Deconstruction using unapply is used for pattern matching (match{ case ... => ...). And this is a common use case for case classes.

So while the code is quite clever, it might confuse other people and break properties their code relies on.

Rephrase the problem (my suggestion)

When overly clever code is needed, it is often a good idea to rethink, what problem one tries to solve. In this case, I would suggest to distinguish between the nick name the user has chosen and a nick the system assigns to the user. In this case I would then just build a case class like this:

case class NickedPerson(fname : String, lname : String, chosenNick : Option[String] = None) {
  val nick = chosenNick.getOrElse(fname)
}

You can then just use the field nick to access the computed nick name, or use chosenNick if you want to know if the user has provided that nick name:

NickedPerson("John", "Smith").nick
// result: String = "John"
NickedPerson("John", "Smith", Some("Agent")).nick
// result: String = "Agent"

The basic properties about case classes are not changed by this code.

Answer 2

You can overload the constructor of the case class

case class Foo(bar: Int, baz: Int) {
     def this(bar: Int) = this(bar, 0)
}
new Foo(1, 2)
new Foo(1)

So you can check the case if nickName is none.

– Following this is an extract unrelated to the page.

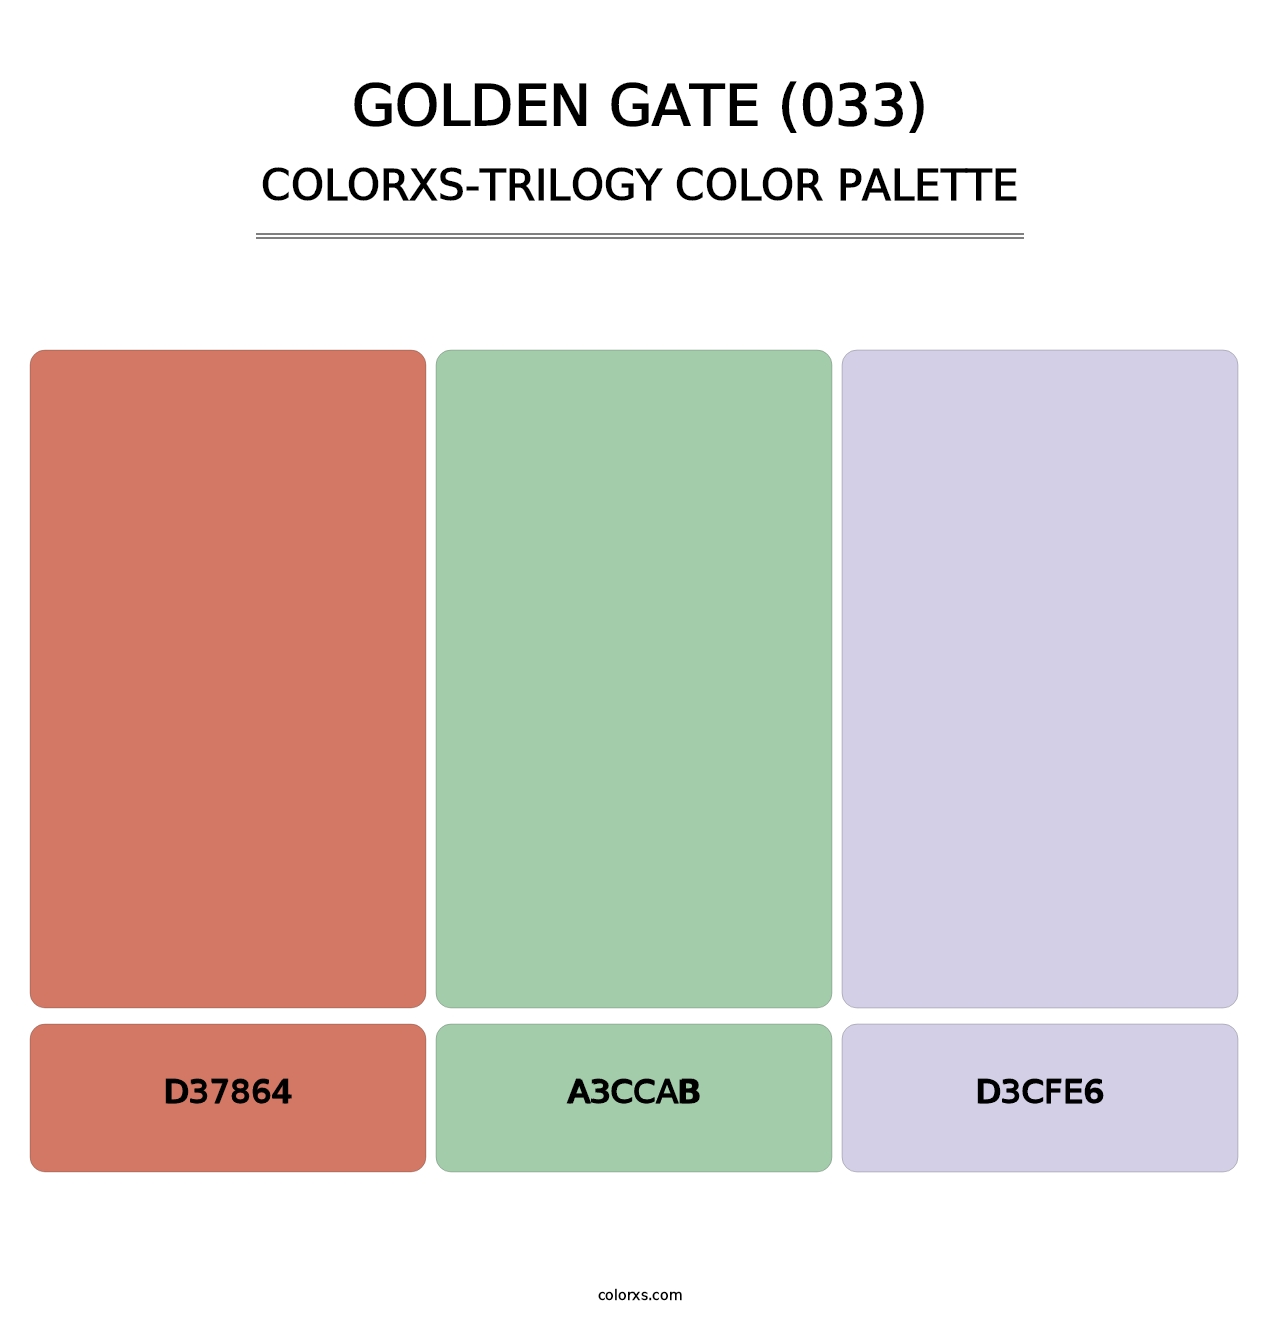 Golden Gate (033) - Colorxs Trilogy Palette

You can also overload it's apply method in the same way. In that way, then you can use

Foo(1,2)
Foo(1)

Answer 3

Just explaining how to overload apply from companion object (in addition to @Facundo Fabre answer):

scala> :paste
// Entering paste mode (ctrl-D to finish)

object Person {
   def apply(fname:String, lname:String): Person = Person(fname, lname, fname)
}
case class Person(fname:String, lname:String, nickName: String)


// Exiting paste mode, now interpreting.

defined object Person
defined class Person

scala> Person("aaa", "bbb")
res24: Person = Person(aaa,bbb,aaa)

scala> Person("aaa", "bbb", "ccc")
res25: Person = Person(aaa,bbb,ccc)

You could also define default value using muti-parameter list constructor, but it's hard to use such case class (no toString and pattern matching for last parameter), so won't recommend (but it's good if you want simmilar thing for methods):

scala> case class Person(fname:String, lname:String)(val nickName: String = fname)
defined class Person

Another funny solution (just to play), which I wouldn't recommend to use in real code:

scala> case class Person(fname:String, lname:String, var nickName: String = null){nickName = Option(nickName).getOrElse(fname)}
defined class Person

scala> Person("aaa", "bbb")
res32: Person = Person(aaa,bbb,aaa)